Work item >> Give back the listing in full and exactly, leaving out the images.

Supplied material >>
◆ ◆ ◆ ◆
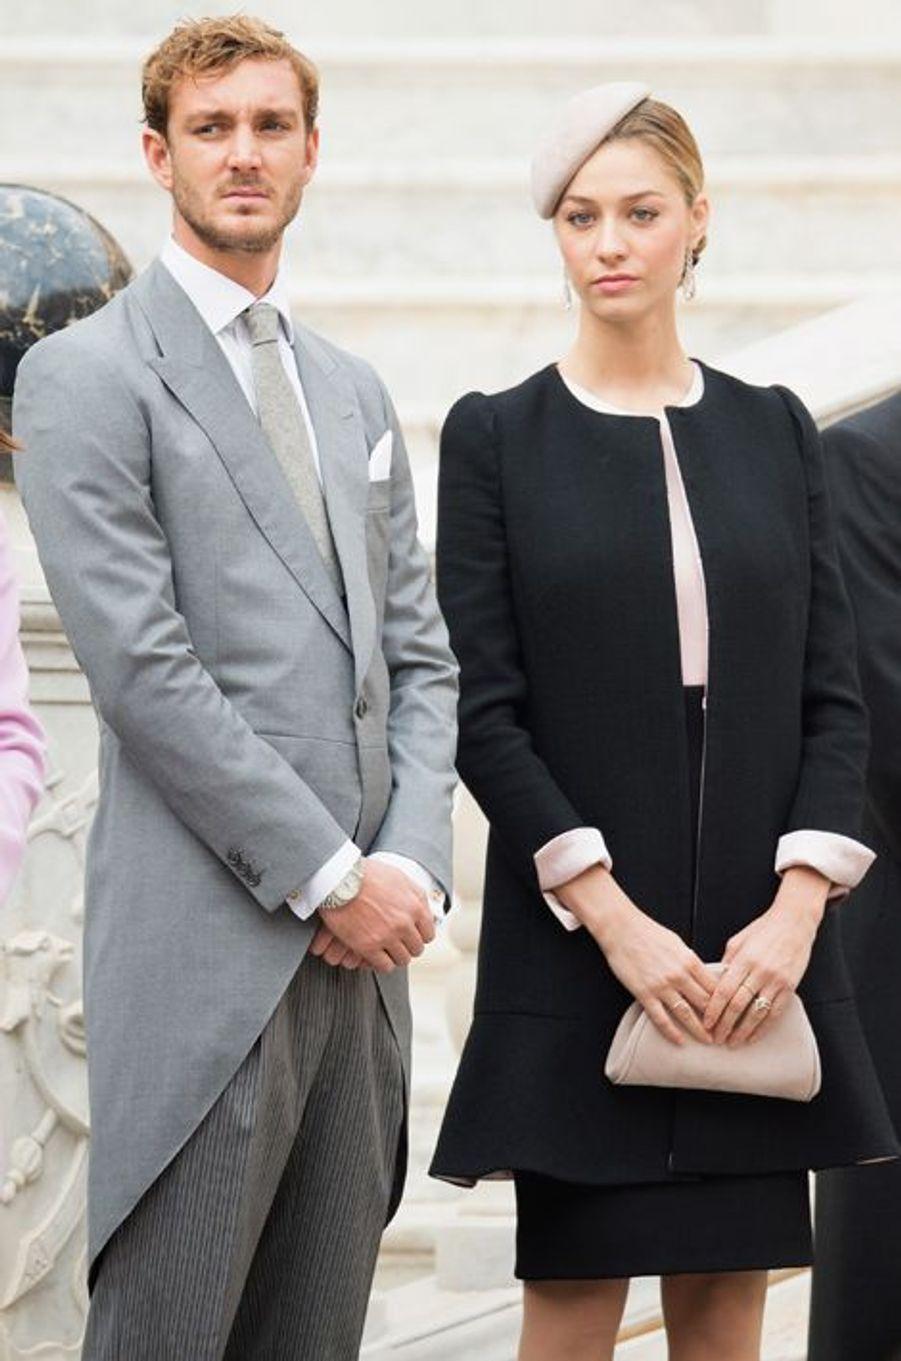 Pierre Casiraghi et sa femme Beatrice Borromeo à Monaco, le 19 novembre 2015
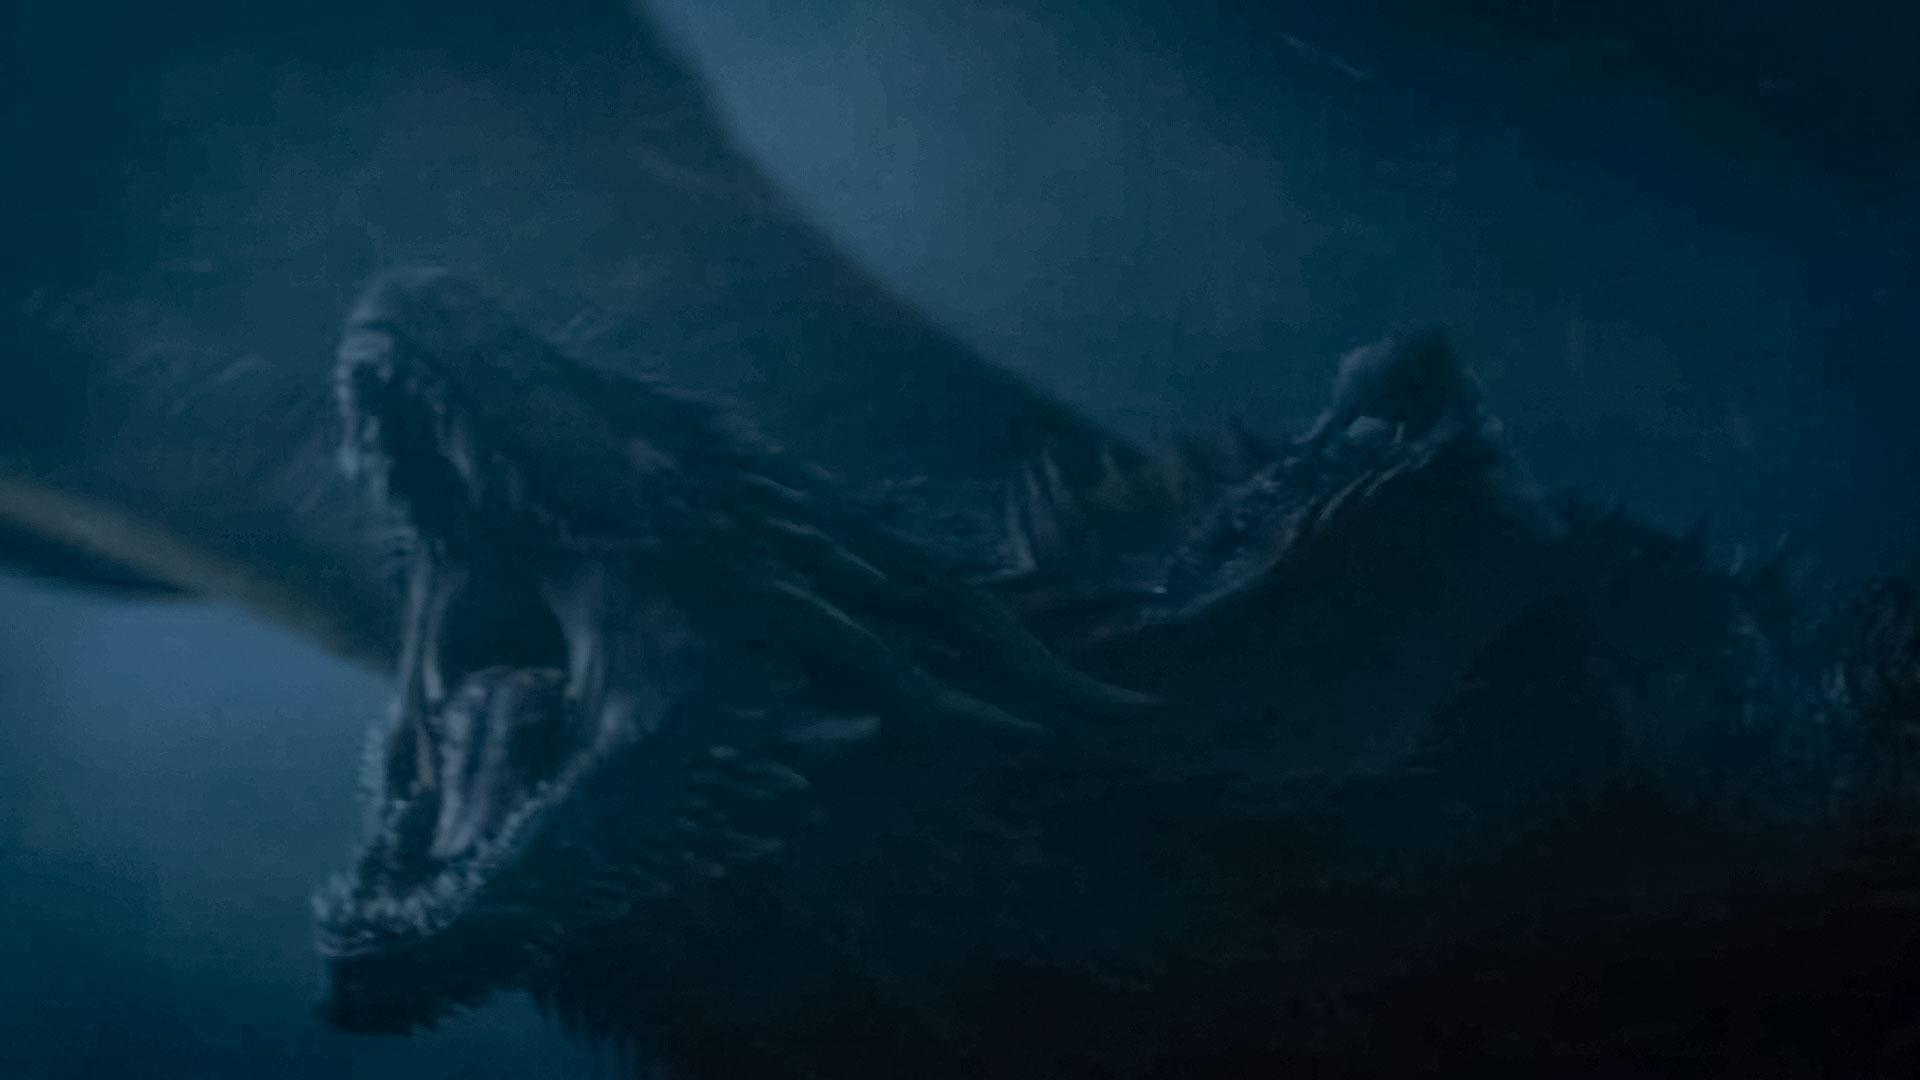 قسمت ۳ فصل ۸ گیم آف ترونز (Game Of Thrones)
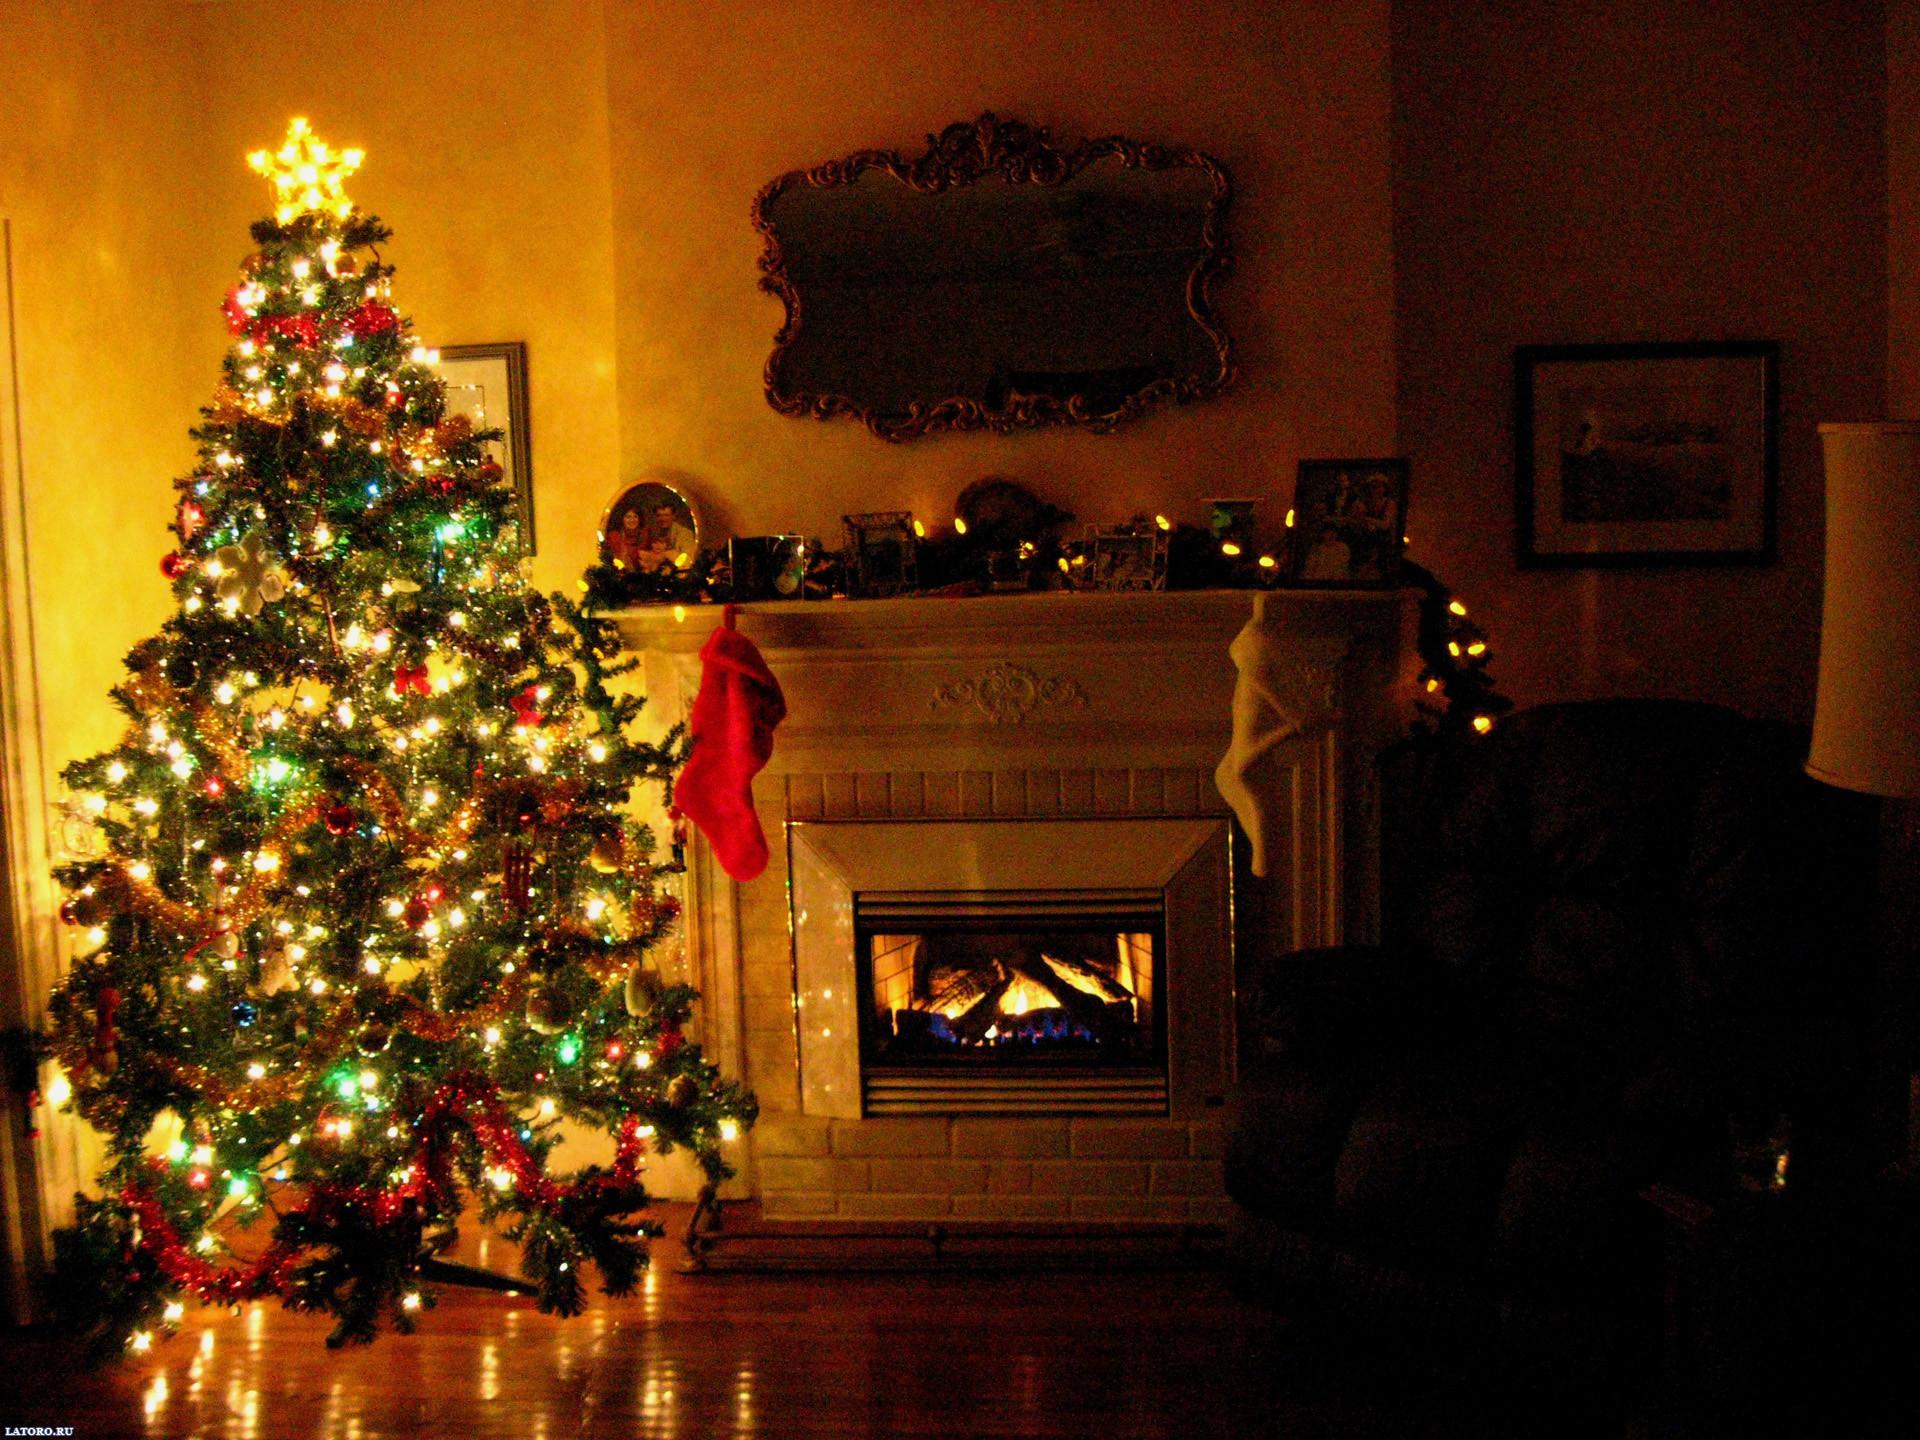 55 christmas desktop theme 55 christmas desktop theme
◆ ◆ ◆ ◆
Task solution >>
 Pierre Casiraghi et sa femme Beatrice Borromeo à Monaco, le 19 novembre 2015
 قسمت ۳ فصل ۸ گیم آف ترونز (Game Of Thrones)
 55 christmas desktop theme 55 christmas desktop theme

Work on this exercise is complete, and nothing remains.